November 23, 2024

Brighton Journal

Complete News World

Two students discovered a security flaw that could allow millions to wash clothes for free

Two students discovered a security flaw that could allow millions to wash clothes for free

A vulnerability could allow millions of college students to do their laundry for free, thanks to one company. This is due to a vulnerability discovered by two UC Santa Cruz students in Internet-connected washing machines used commercially in several countries. according to TechCrunch.

The two students, Alexander Sherbrooke and Yakov Taranenko, apparently exploited the machines’ application programming interface to do things like remotely order them to work for free and update the laundry account to show it contained millions of dollars. The company that owns the machines, CSC ServiceWorks, claims it owns them More than a million washing machines sold In service at colleges, multi-housing communities, laundries, and more in the United States, Canada, and Europe.

CSC never responded when Sherbrooke and Taranenko reported the vulnerability via emails and a phone call in January. TechCrunch He writes. Despite this, the students told the outlet that the company “quietly erased” their false millions after they contacted it.

The lack of response prompted them to tell others about their findings. This includes that the company has List of published commandswhich was narrated by both TechCrunch Allows connection to all CSC networked laundry machines. CSC ServiceWorks did not immediately respond the edge’Request for comment.

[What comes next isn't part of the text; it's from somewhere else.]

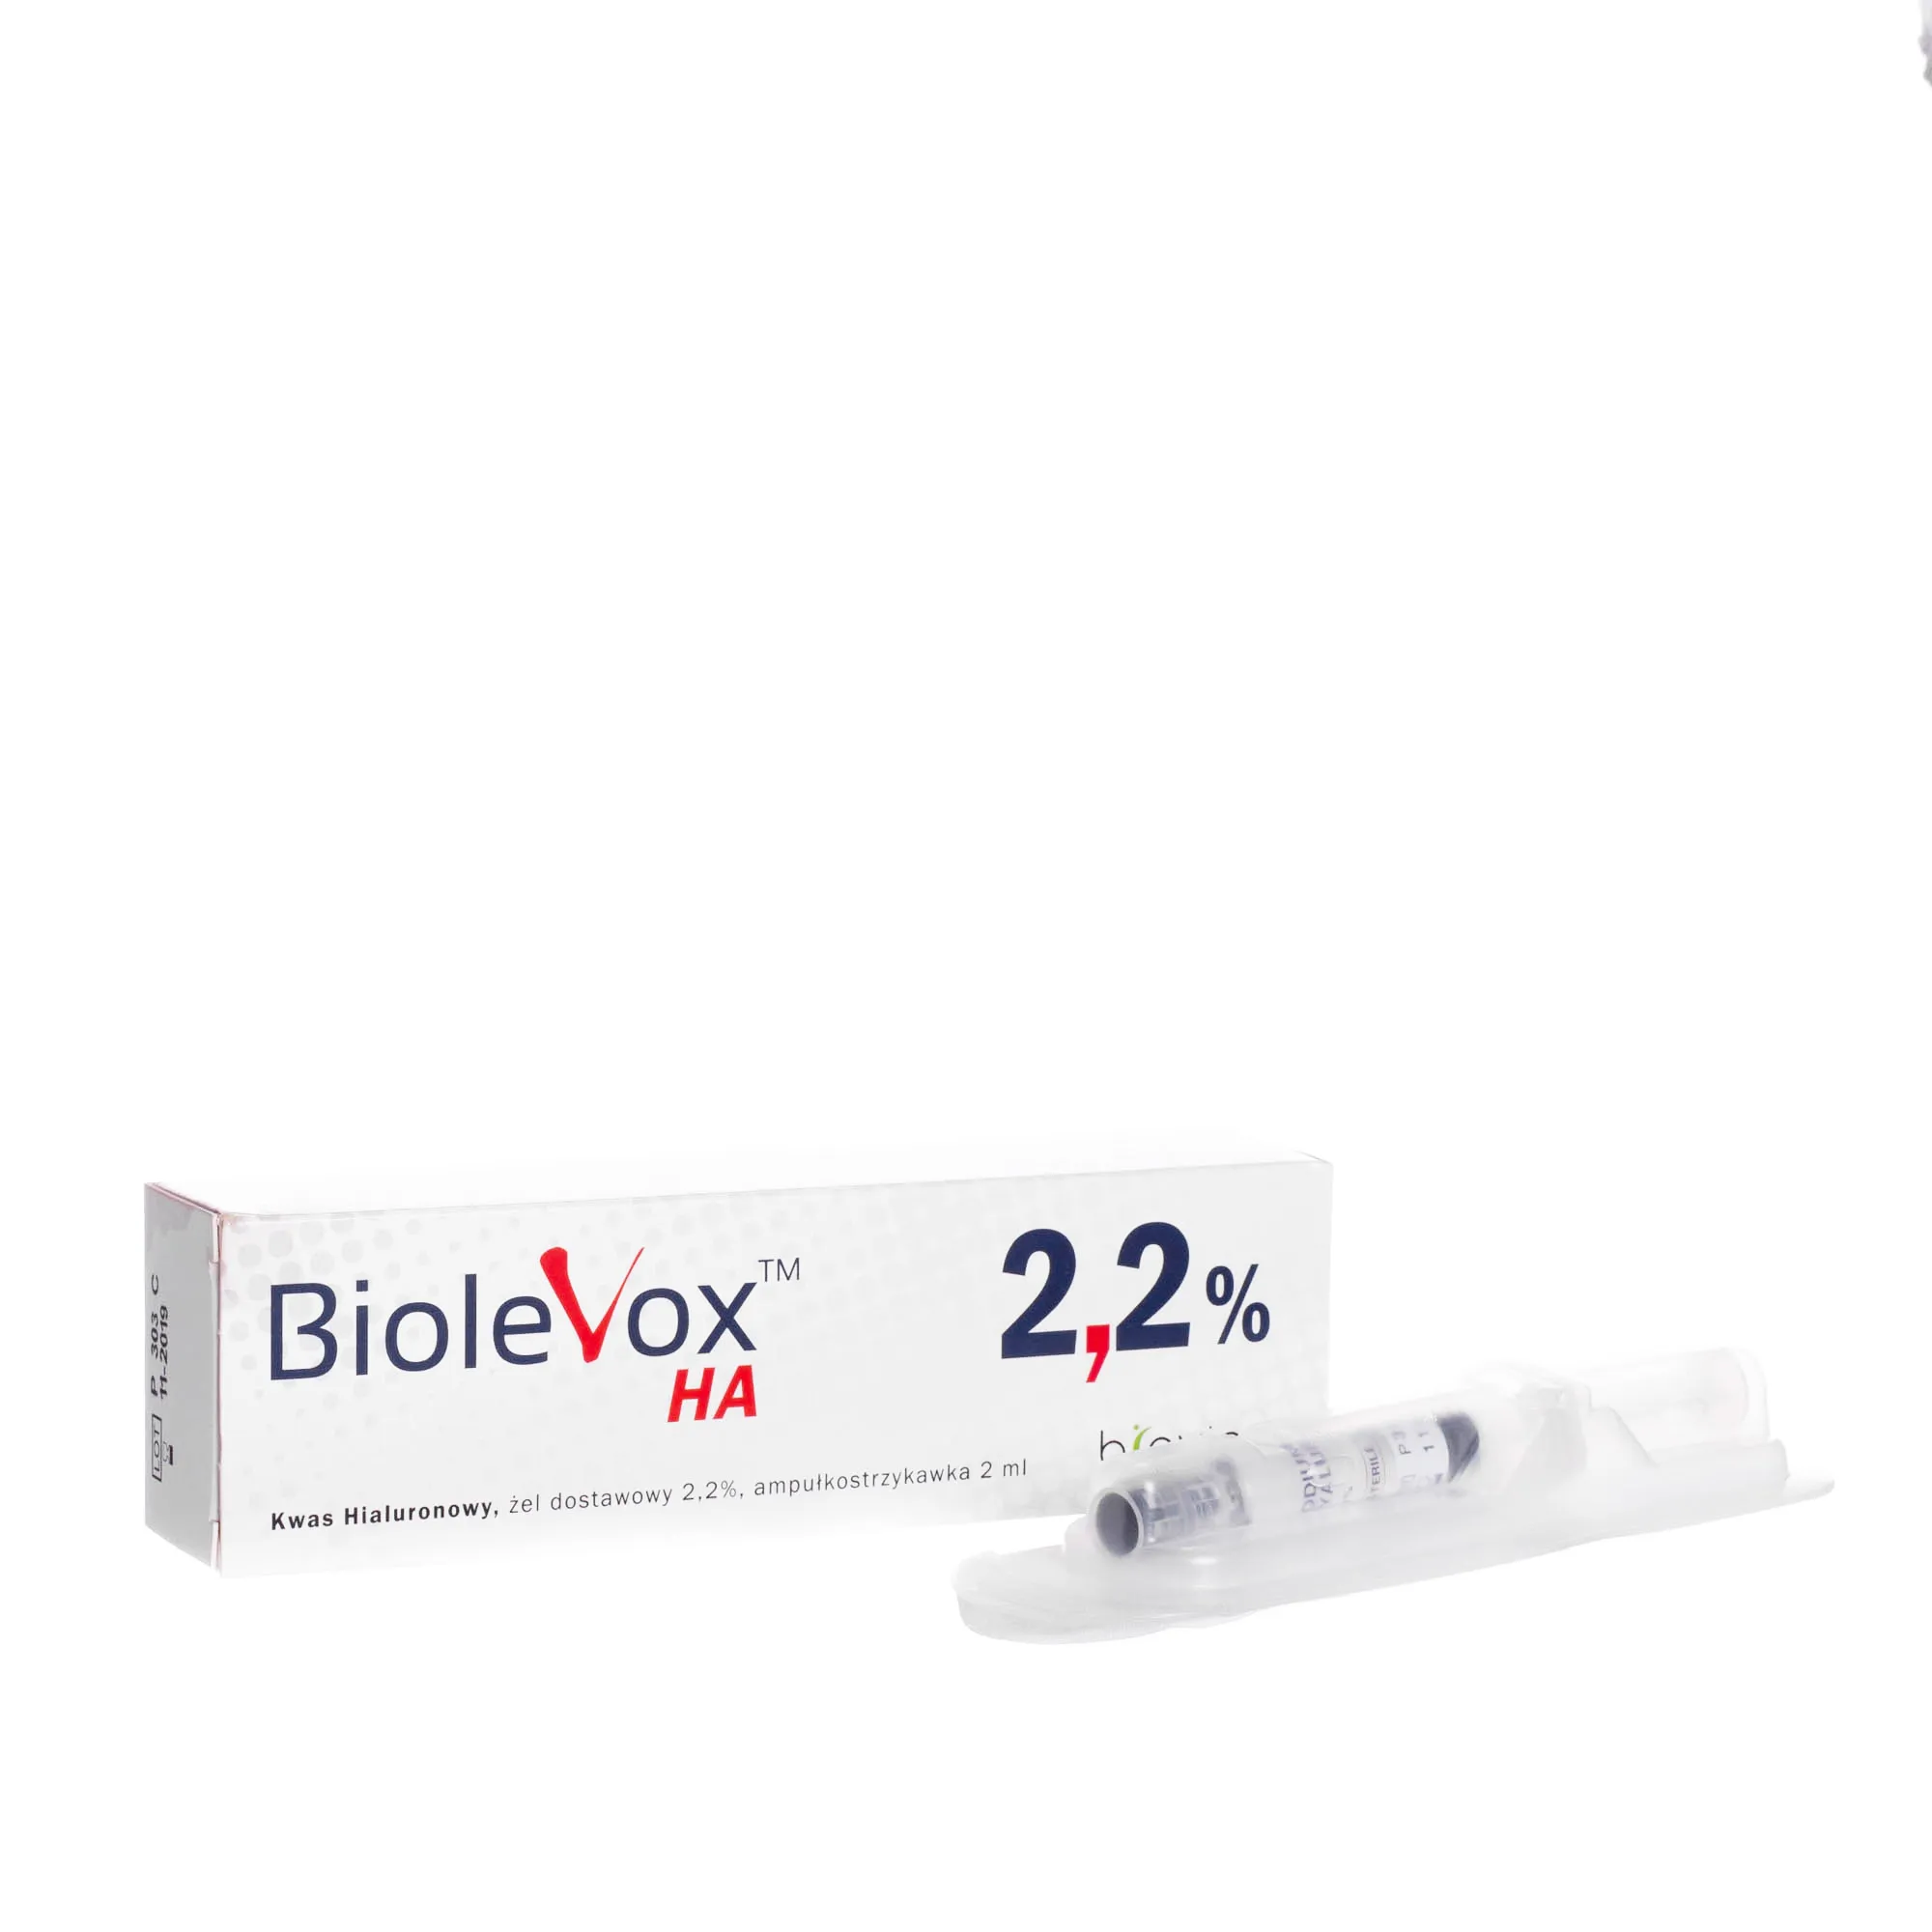 Biolevox HA, kwas hialuronowy, żel dostawowy 2,2%, ampułko strzykawka 2ml

The CSC vulnerability is a good reminder that the security situation with respect to the Internet of Things is far from resolved. For the exploit the students found, CSC may have taken the risk, but in other cases, lax cybersecurity practices allowed hackers or the company’s contractors to view strangers’ security camera footage or access smart plugs.

See also  This is the Pixel watch band in coral color and bezel

Often, security researchers find and report these vulnerabilities before they are actually exploited. But this is not helpful if the company responsible for it does not respond.